Using custom configuration settings

A script in the MR3 release may accept additional configuration settings as command-line options according to the following syntax:

 --hiveconf <key>=<value>       Add a configuration key/value; may be repeated at the end

The user can append as many instances of --hiveconf as necessary to the command. A configuration value specified with --hiveconf takes the highest precedence and overrides any existing value in hive-site.xml, mr3-site.xml, and tez-site.xml (not just in hive-site.xml). Hence the user can change the behavior of Hive on MR3 without modifying preset configuration files at all. (Note that the user can use --hiveconf to configure not only Hive but also MR3 and Tez.) Alternatively the user can directly modify preset configuration files to make the change permanent.

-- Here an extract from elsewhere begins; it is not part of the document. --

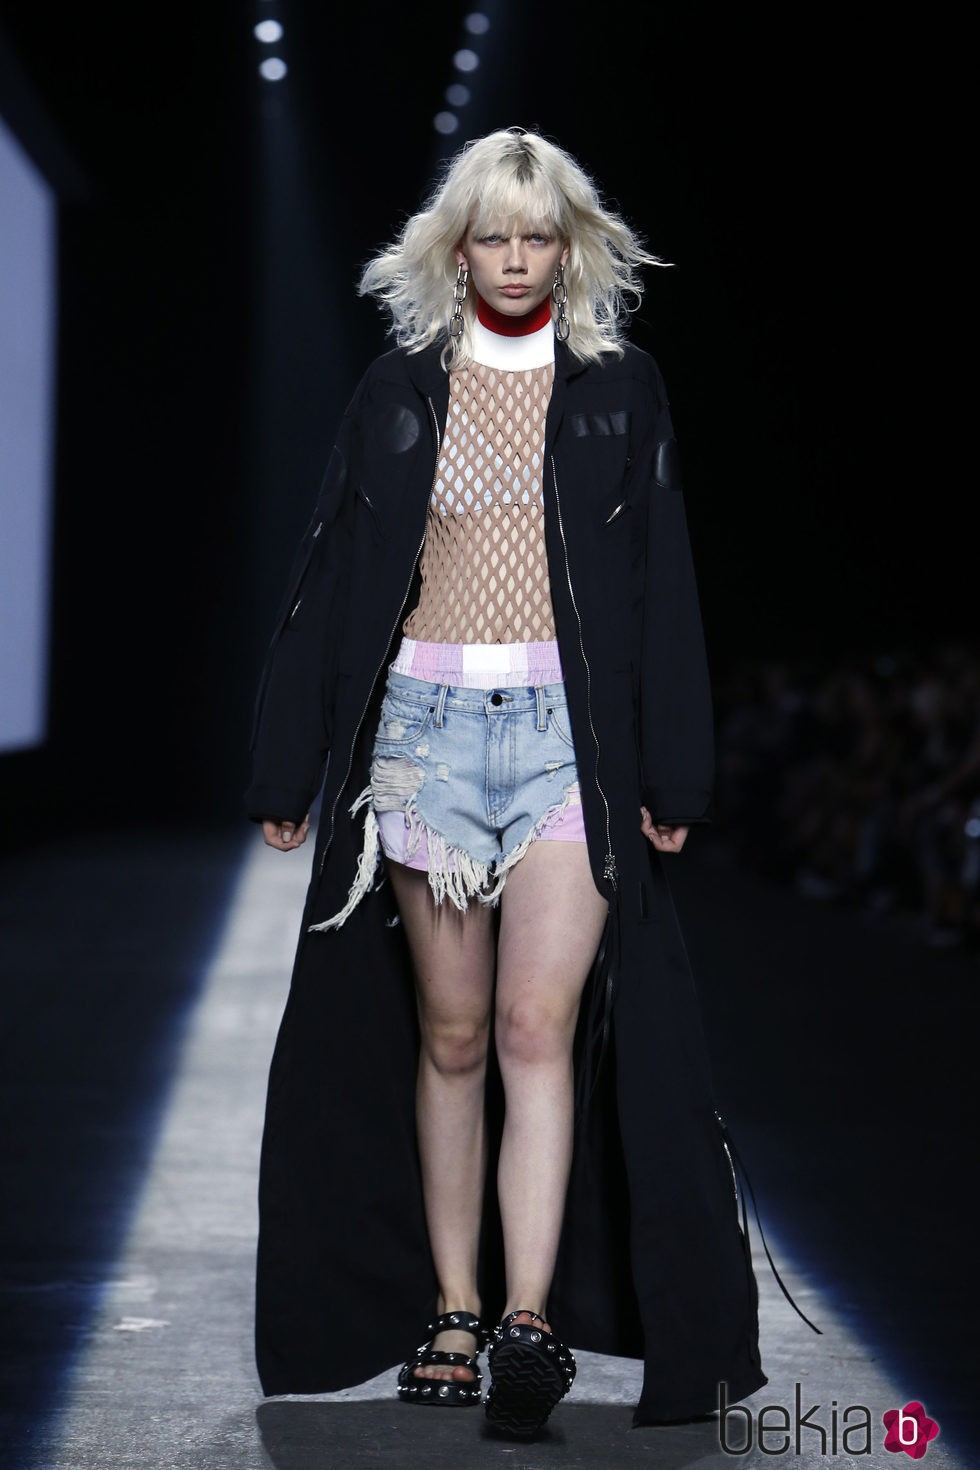 Abrigo largo negro de la colección primavera/verano 2016 de Alexander Wang en Nueva York Fashion Week

The user may create hivemetastore-site.xml and hiveserver2-site.xml in a configuration directory as configuration files for Metastore and HiveServer2, respectively. Hive automatically reads these files when reading hive-site.xml. The order of precedence of the configuration files is as follows (lower to higher):

  • hive-site.xmlhivemetastore-site.xmlhiveserver2-site.xml--hiveconf command-line options

Watch /tmp when using LocalThread or LocalProcess mode

An MR3Client creates staging directories under /tmp/<user name>/ on HDFS by default. If, however, a DAGAppMaster runs in LocalThread or LocalProcess mode while ContainerWorkers run in Local mode, it creates staging directories under /tmp/<user name>/ on the local file system. If /tmp/ happens to be full at the time of creating staging directories, Yarn erroneously concludes that HDFS is full, and then transitions to safe mode in which all actions are blocked. Hence the user should watch /tmp/ on the local file system when using LocalThread or LocalProcess mode for DAGAppMasters.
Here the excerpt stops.